Results and discussion

Overview of the taxonomic makeup

The quantity and length distribution of the retrieved 16S rRNA gene fragments were described elsewhere (Yilmaz et al., 2011), while the number of taxa at each rank level, overall taxonomic composition, and other details regarding the taxonomic classification can be found in the supplementary material (Table S6, S7, and S8).

The overall assessment of the taxonomic makeup is in agreement with previous studies on the GOS metagenome (Rusch et al., 2007; Biers et al., 2009; Yooseph et al., 2010), as well as with expectations of ocean surface microbial communities (Fuhrman & Hagström, 2008).

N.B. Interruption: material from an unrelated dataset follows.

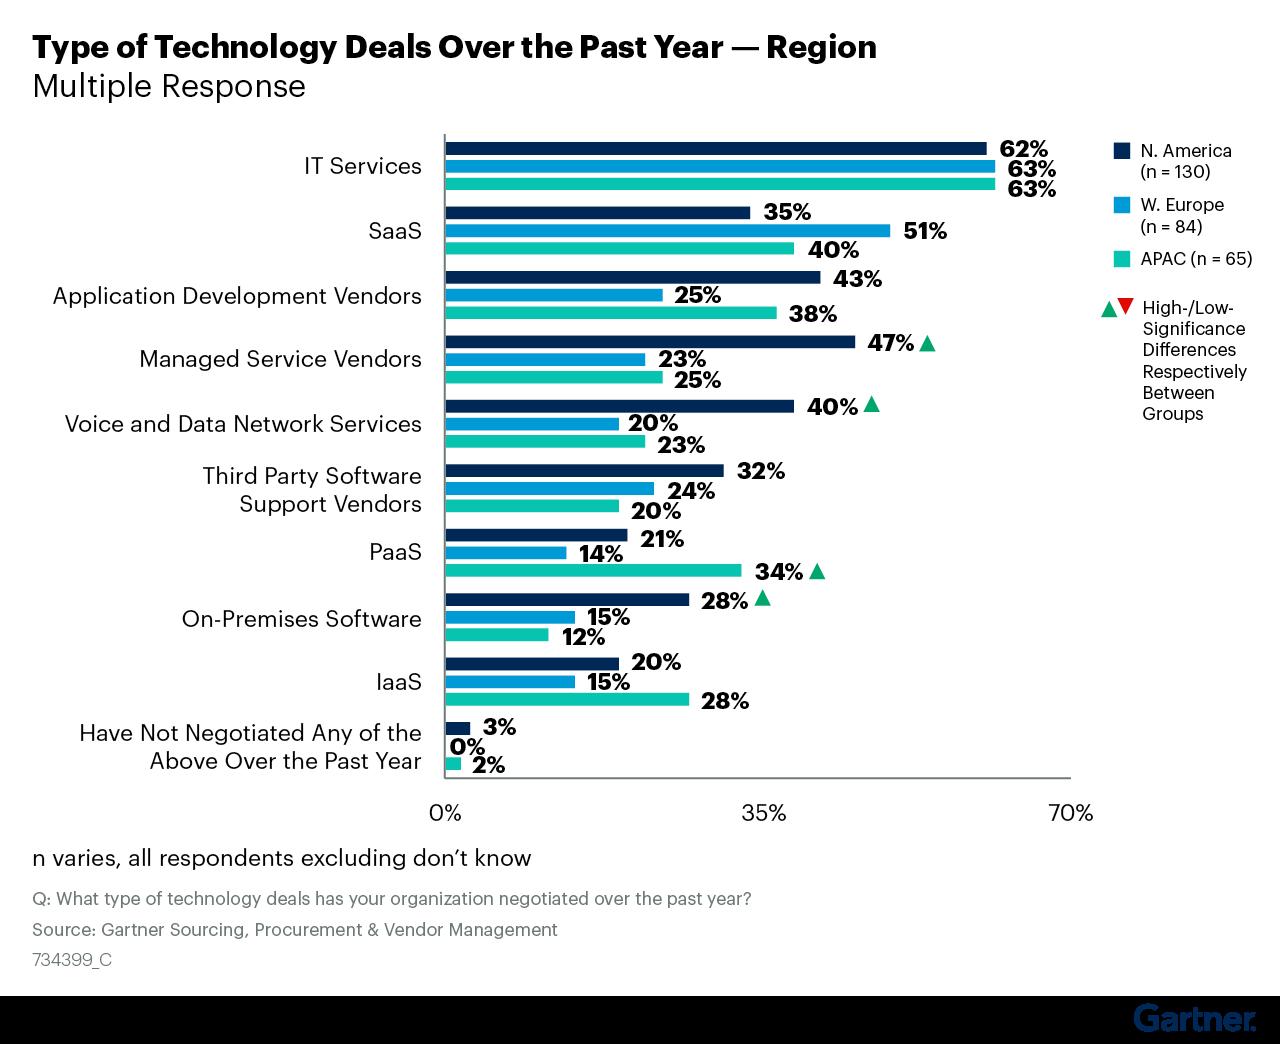 Figure 3: Technology Deals by Region
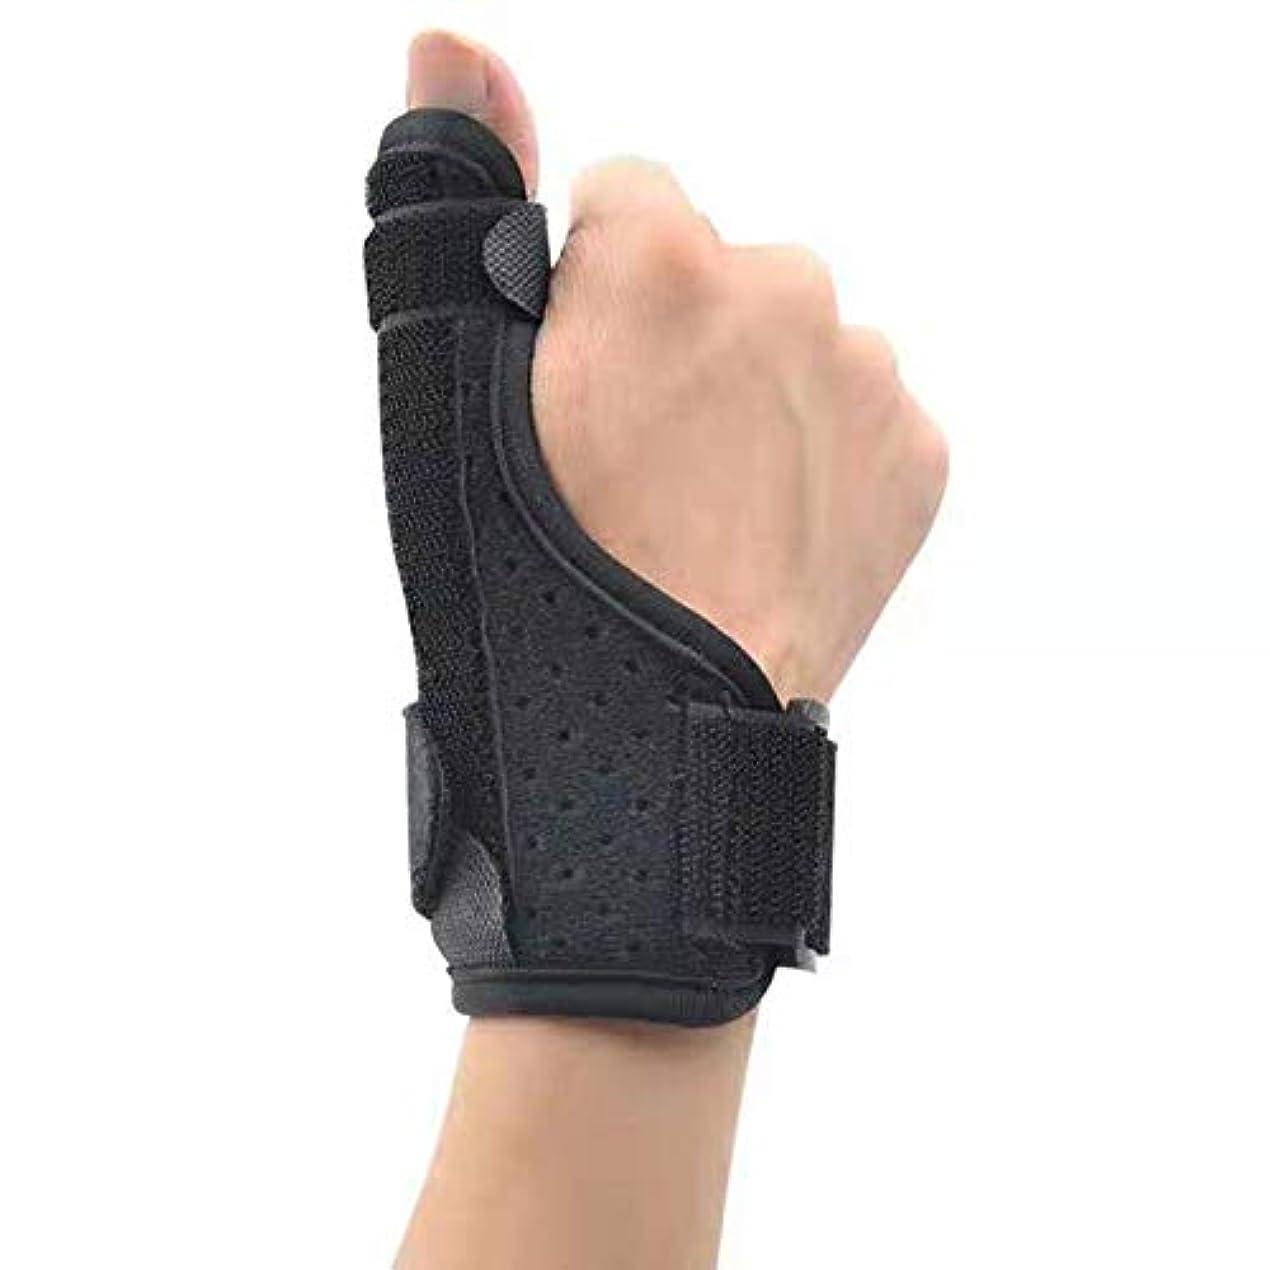 思い出させるパーチナシティバナナ腱鞘炎トリガー手根管人の女性のために修正された唯一の1個手首のサポートサムスプリント手首ブレース指アーマー親指捻挫破壊

Compared to previous assessments of the GOS metagenome taxonomic makeup, we have observed more sequences belonging to the Candidate divisions. For example, only Candidate division OD1 is acknowledged in the study by Biers and colleagues (Biers et al., 2009), whereas we report the occurrence of TM7, WS3, OP3, SR1, and OP10. Clone sequences belonging to these divisions are isolated from a wide variety of sources, including sludge, soil, human or other host tissues, deep-sea sediments, lakes, or biofilms (Hugenholtz et al., 1998; Pace, 2009). In the GOS metagenome, their distribution was limited to, except for Candidate division OD1, coastal, estuarine, brackish, hypersaline waters, as well as freshwater environments. The absence of these divisions from surface open ocean waters is congruent with previous observations, whereas the presence in estuarine and coastal waters could be indicative of anthropogenic inputs considering their prevalence in wastewater/sludge type environments, while the fresh, brackish, and hypersaline water prevalence is in line with potentially differing metabolic capabilities in comparison with surface ocean communities. Candidate division OD1 was the most widespread candidate division within the GOS metagenome, and in addition to the previously listed locations, this taxon was also observed in ocean waters from sites GS000a, GS114, and GS117 (Fig. S2). Although the OD1 is environmentally widespread, our survey of previous isolation sources did not encounter any other surface ocean clones.

Community structures at different taxonomic rank levels

Spatial and temporal patterns, along with ecological coherence of higher bacterial and archaeal taxonomic ranks, have been discussed previously (Philippot et al., 2009, 2010). Although the GOS metagenome is only composed of surface water samples, the ‘surfaces’ sampled have an interesting variety of contrasting habitats, such as estuary vs. open ocean, or hypersaline vs. freshwater. We used this diversity of habitats in order to reveal how well these habitat differences will be reflected in community structures composed of bacterial and archaeal taxa at different rank levels.

The sites*species matrix for ordination analysis consisted of standardized relative abundances at five different rank levels. The phylum level consisted of 33 distinct taxa, with 12 313 sequences classified into these taxa. The class level had 55 distinct taxa, with 12 222 sequences; order level 107 distinct taxa and 12 049 sequences; family level 201 distinct taxa and 10 616 sequences; and finally genus level 363 distinct taxa and 4270 sequences.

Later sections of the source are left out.